Debugging Native Code

Table of contents

Debugging Native Code in Android Studio.

If you want to work on the C++ code that powers GeckoView, you will need to be able to perform native debugging inside Android Studio. This article will guide you through how to do that.

If you need to get set up with GeckoView for the first time, follow the Quick Start Guide.

Perform a debug build of Gecko.

  1. Edit your mozconfig file and add the following lines. These will ensure that the build includes debug checks and symbols.

ac_add_options --enable-debug

  1. Ensure that the following lines are commented out in your mozconfig if present. ./mach configure will not allow artifact builds to be enabled when generating a debug build.

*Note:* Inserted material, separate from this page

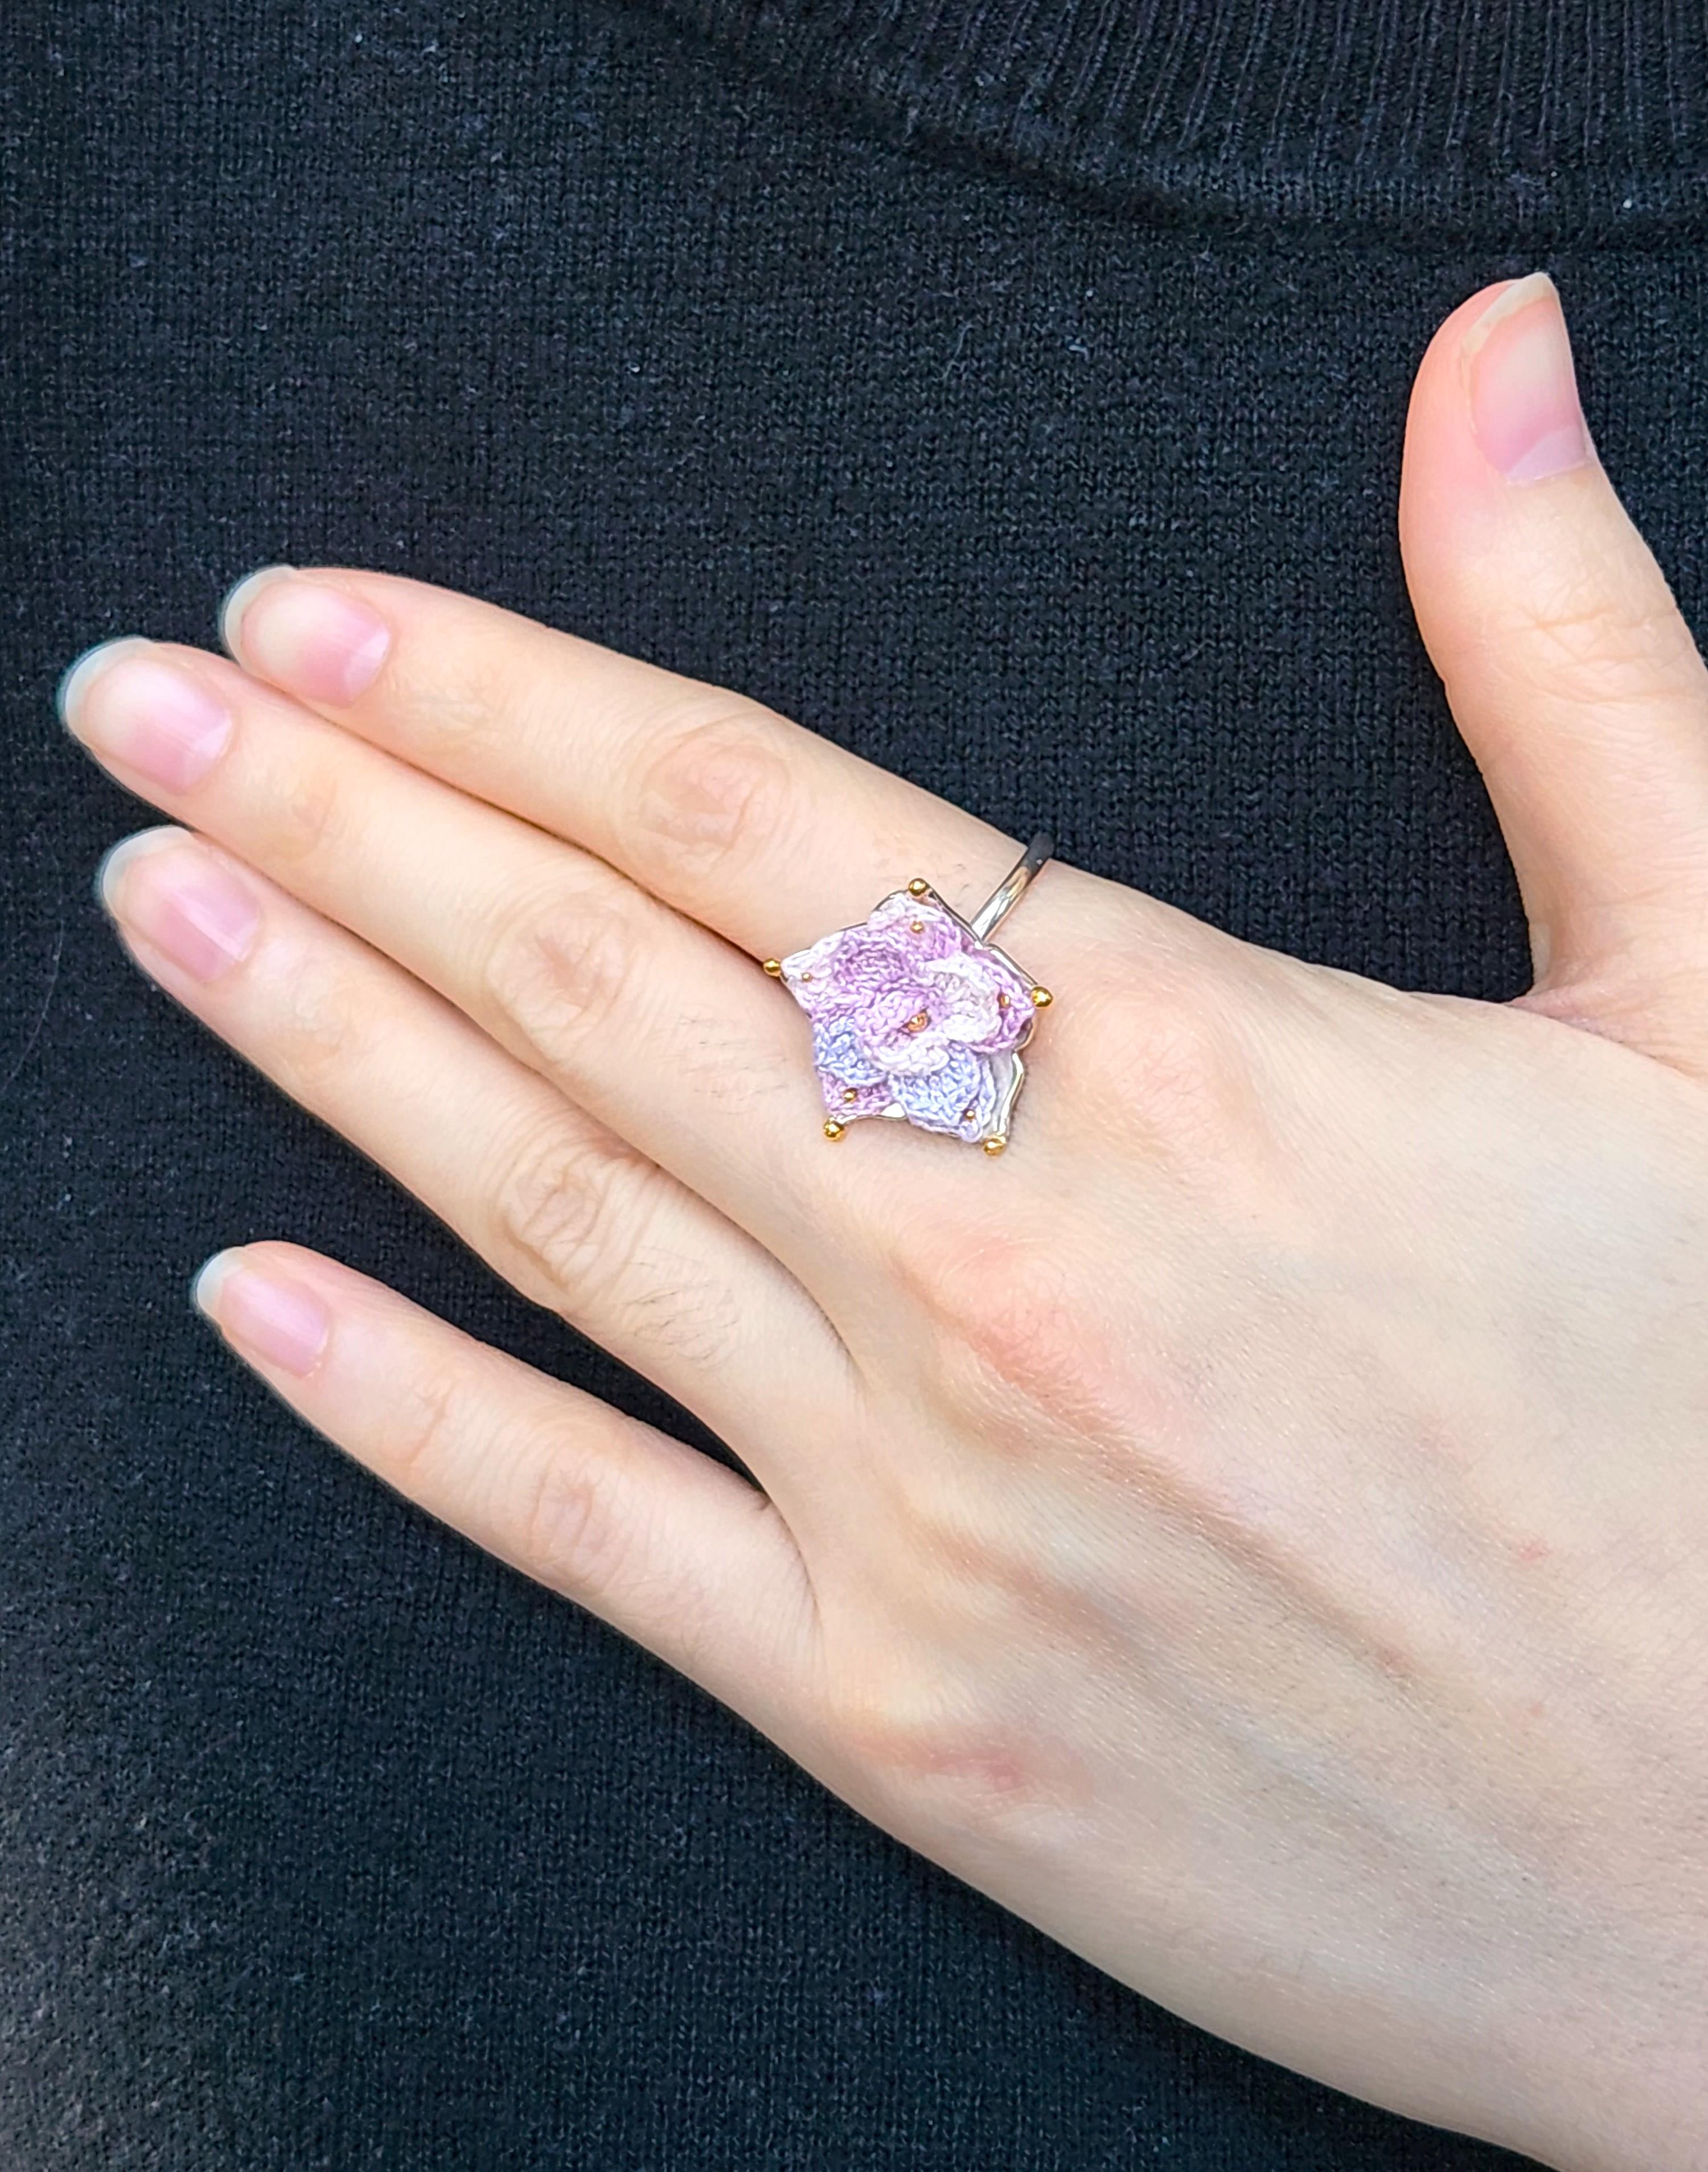 Hand Knit Pink Flower Set in a Handmade Sterling Silver and 14K Gold Bead Ring In New Condition For Sale In Rutherford, NJ

# ac_add_options --enable-artifact-builds

  1. To be absolutely sure that Android Studio will pick up your debug symbols, the first time you perform a debug build it is best to clobber your MOZ_OBJDIR. Subsequent builds should not need this step.

./mach clobber

  1. Build as usual. Because this is a debug build, and because you have clobbered your MOZ_OBJDIR, this will take a long time. Subsequent builds will be incremental and take less time, so go make yourself a cup of your favourite beverage.

./mach build

Set up lldb to find your symbols

Edit your ~/.lldbinit file (or create one if one does not already exist) and add the following lines.

The first line tells LLDB to enable inline breakpoints - Android Studio will need this if you want to use visual breakpoints.

The next line tells LLDB where to go to find the symbols for debugging.

settings set target.inline-breakpoint-strategy always
settings append target.exec-search-paths <PATH>/objdir-android-opt/dist/bin

Set up Android Studio to perform native debugging.

  1. Edit the configuration that you want to debug by clicking Run -> Edit Configurations... and selecting the correct configuration from the options on the left hand side of the resulting window.

  2. Select the Debugger tab.

  3. Select Dual from the Debug type select box. Dual will allow debugging of both native and Java code in the same session. It is possible to use Native, but it will only allow for debugging native code, and it’s frequently necessary to break in the Java code that configures Gecko and child processes in order to attach debuggers at the correct times.

  4. Under Symbol Directories, add a new path pointing to <PATH>/objdir-android-opt/dist/bin, the same path that you entered into your .lldbinit file.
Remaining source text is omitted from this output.